───── DATA SEGMENT ─────

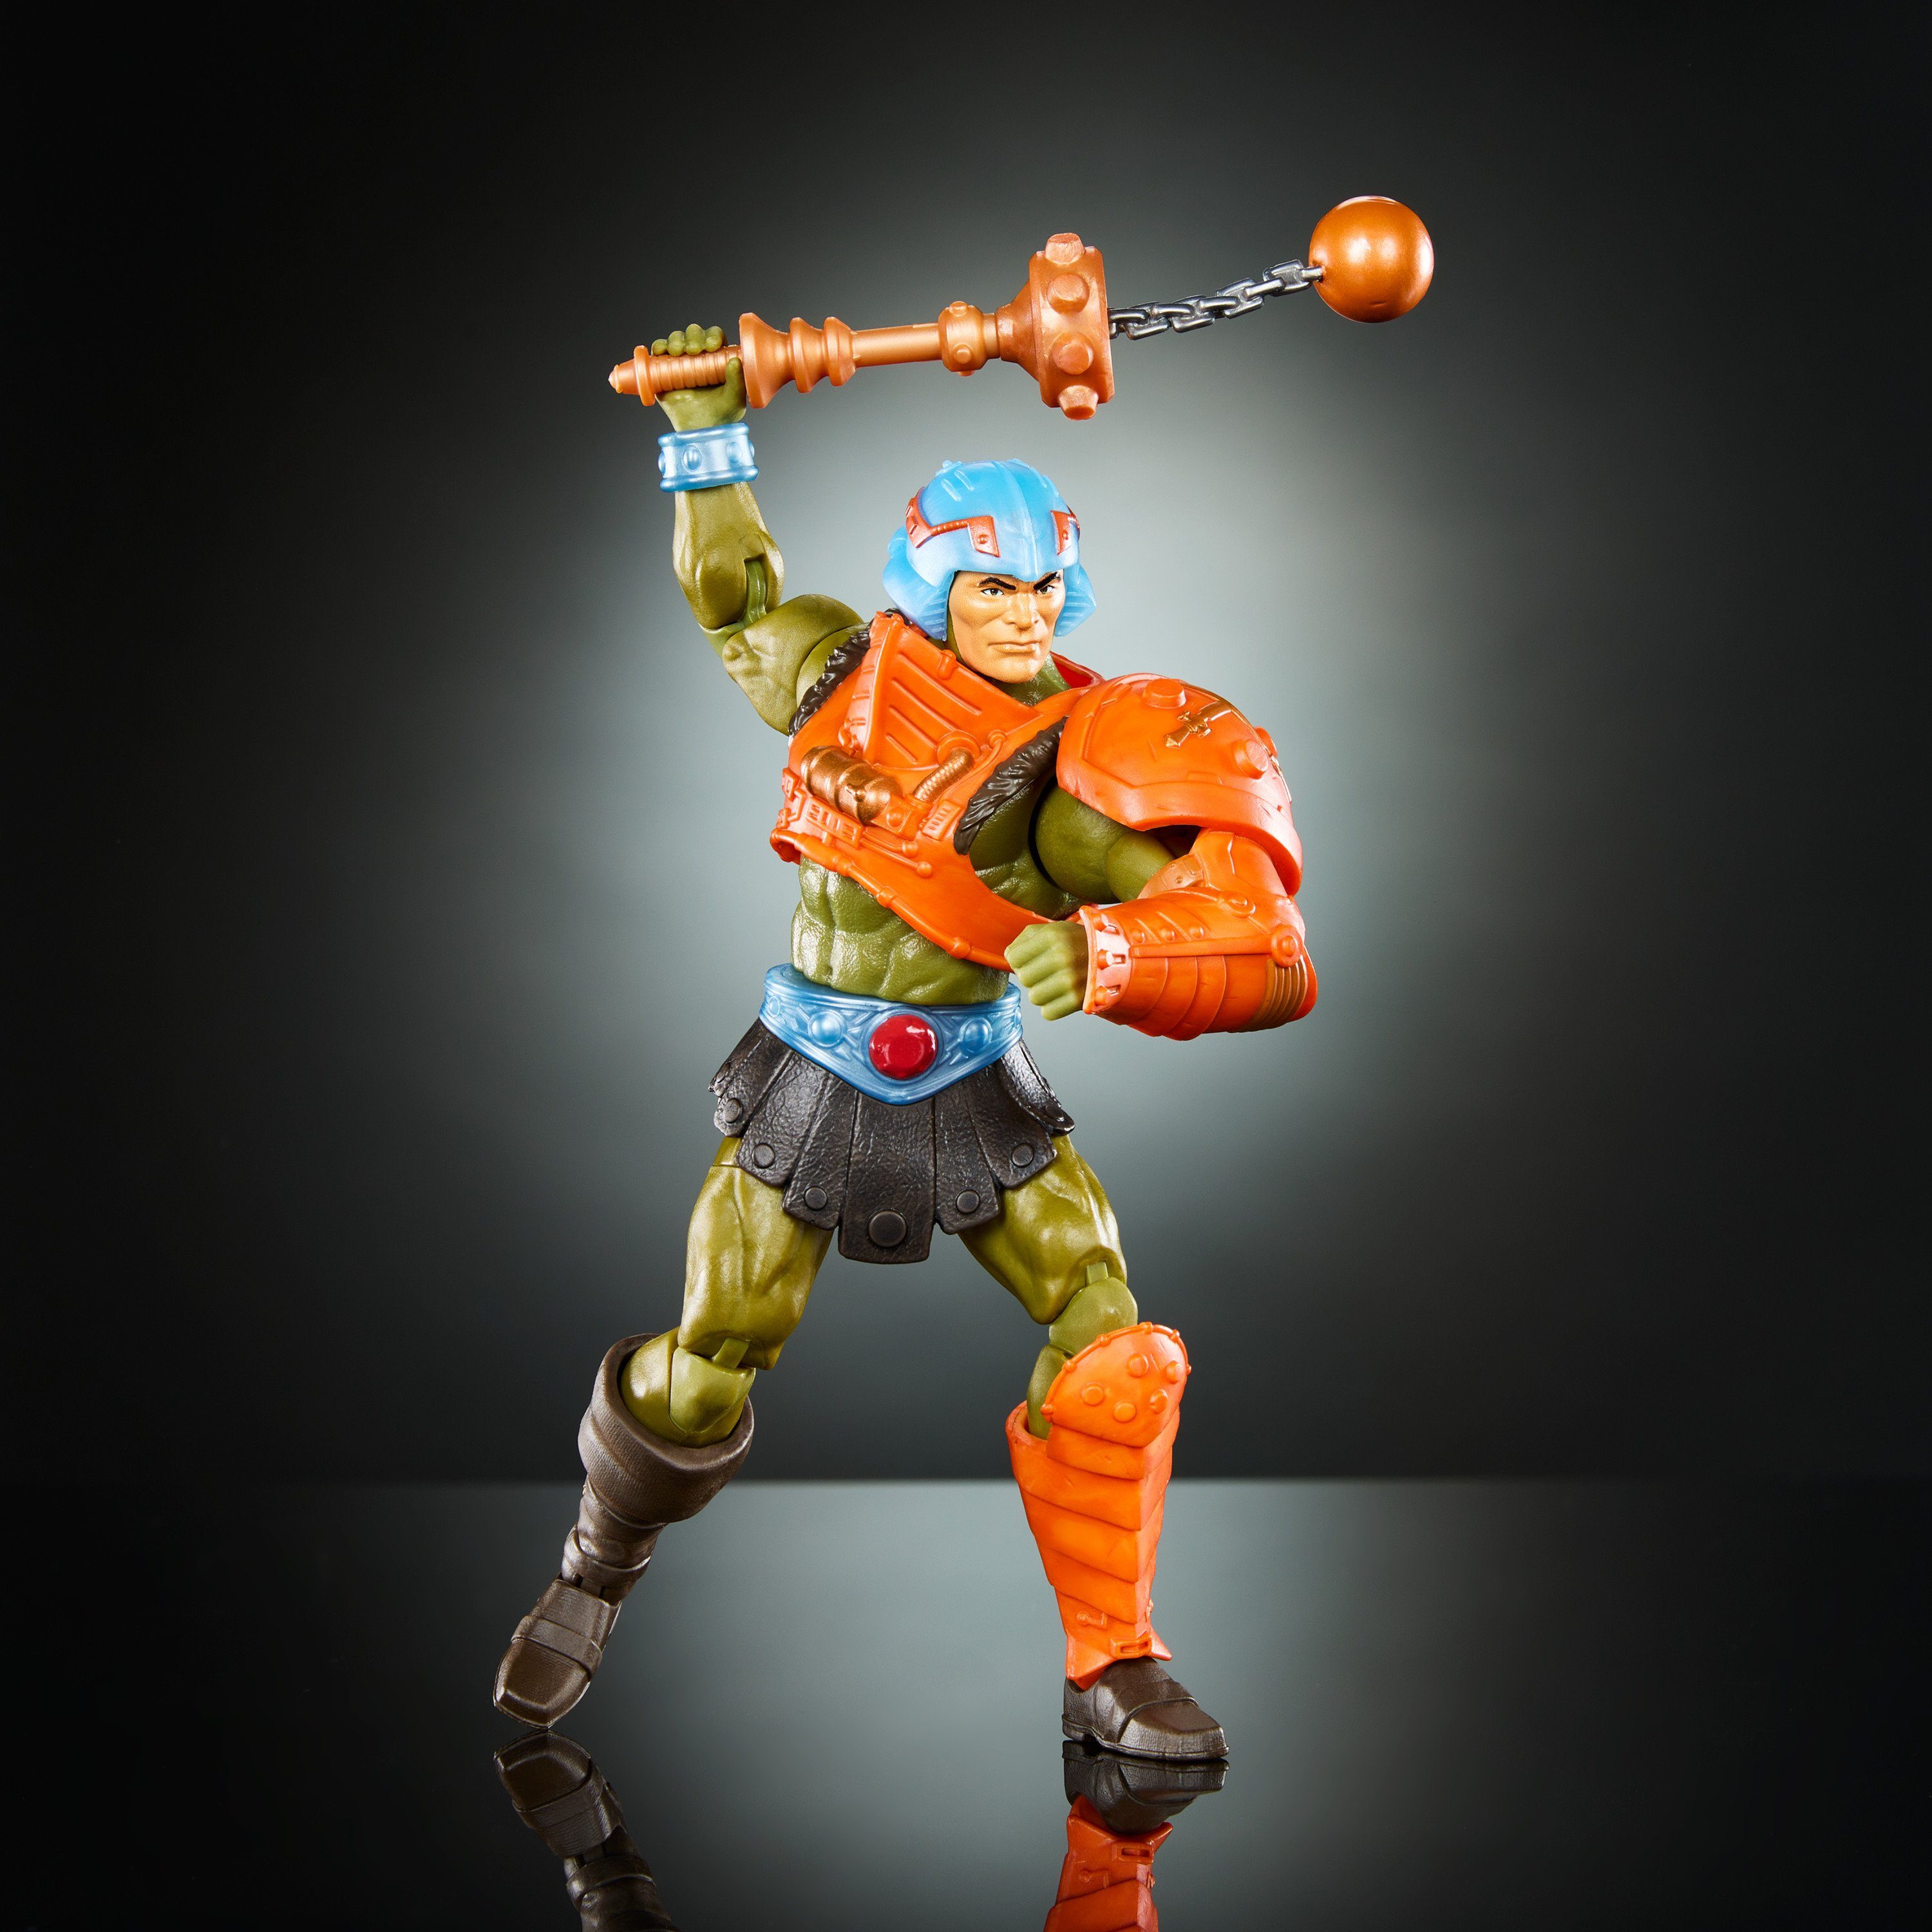 of Core Mattel® the Masters Man-At-Arms Masterverse HYC48 Actionfigur NE Universe
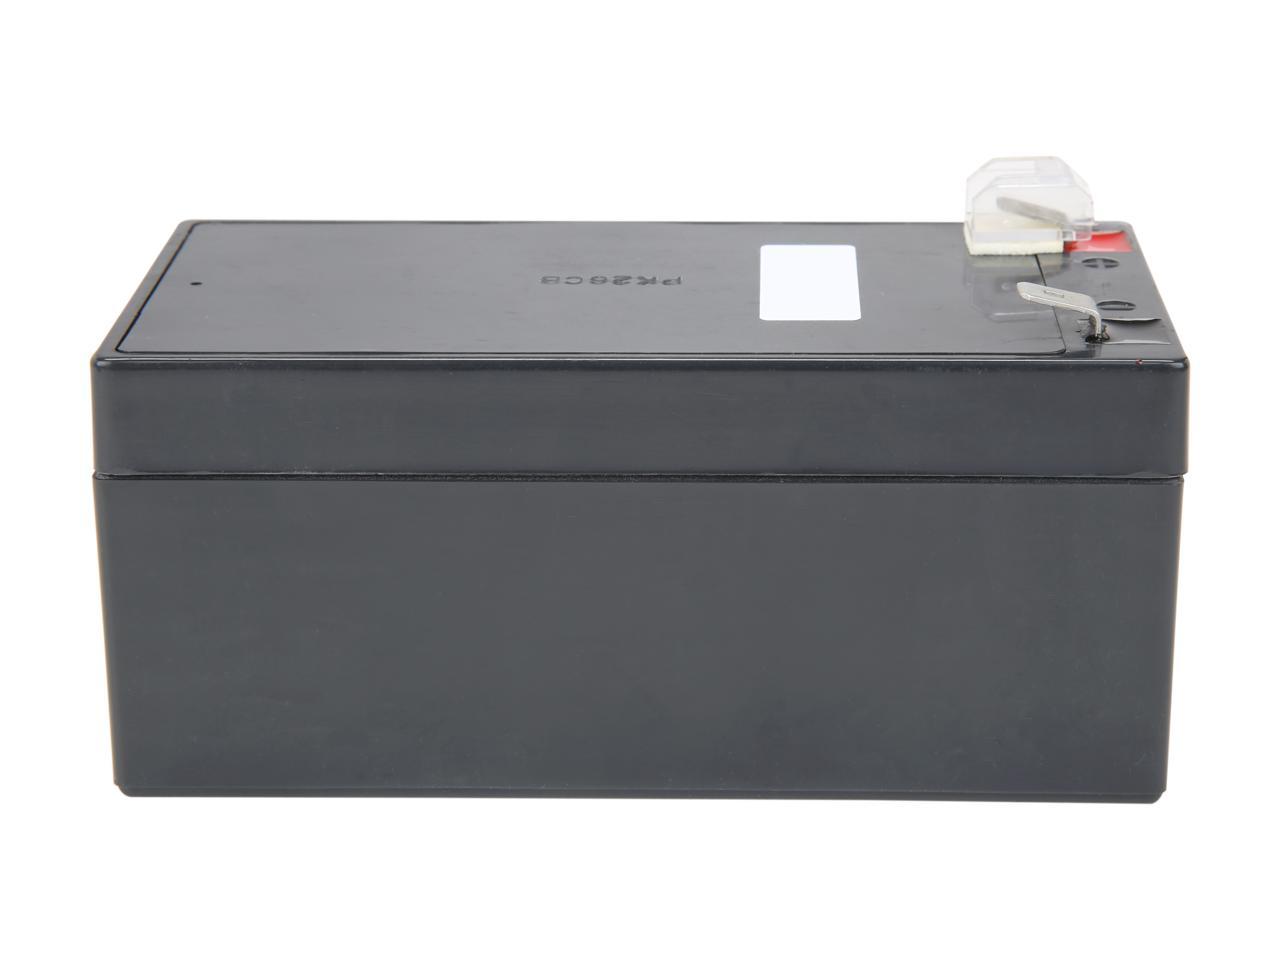 APC UPS Battery Replacement for APC Back-UPS models BE350G (RBC35)
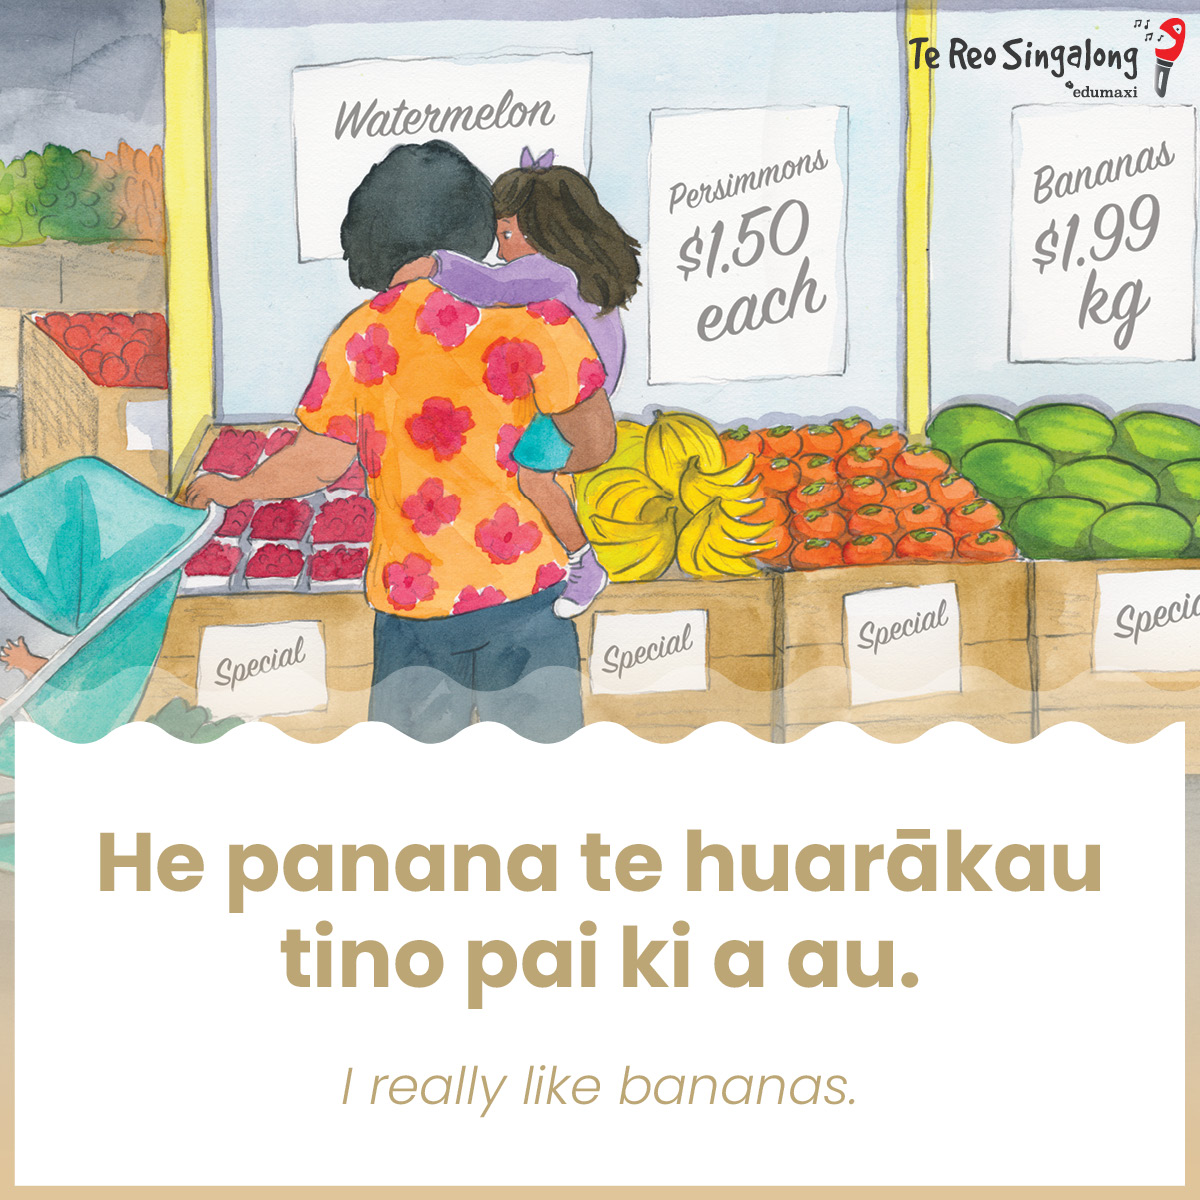 Ever thought of practising te reo when you are doing your food shopping? Our book about fruit is a good way to start. You can find it at tereosingalong.co.nz/product/he-hua…
#tereosingalong #fruit #tereomaori #maorilanguage #teachmaori #learntereo

─────

= DIRECTIONS =
Transcribe all of the listing precisely. The images stay out of it.

= EXERCISE RESULT =
 of Core Mattel® the Masters Man-At-Arms Masterverse HYC48 Actionfigur NE Universe
 APC UPS Battery Replacement for APC Back-UPS models BE350G (RBC35)
 Ever thought of practising te reo when you are doing your food shopping? Our book about fruit is a good way to start. You can find it at tereosingalong.co.nz/product/he-hua…
#tereosingalong #fruit #tereomaori #maorilanguage #teachmaori #learntereo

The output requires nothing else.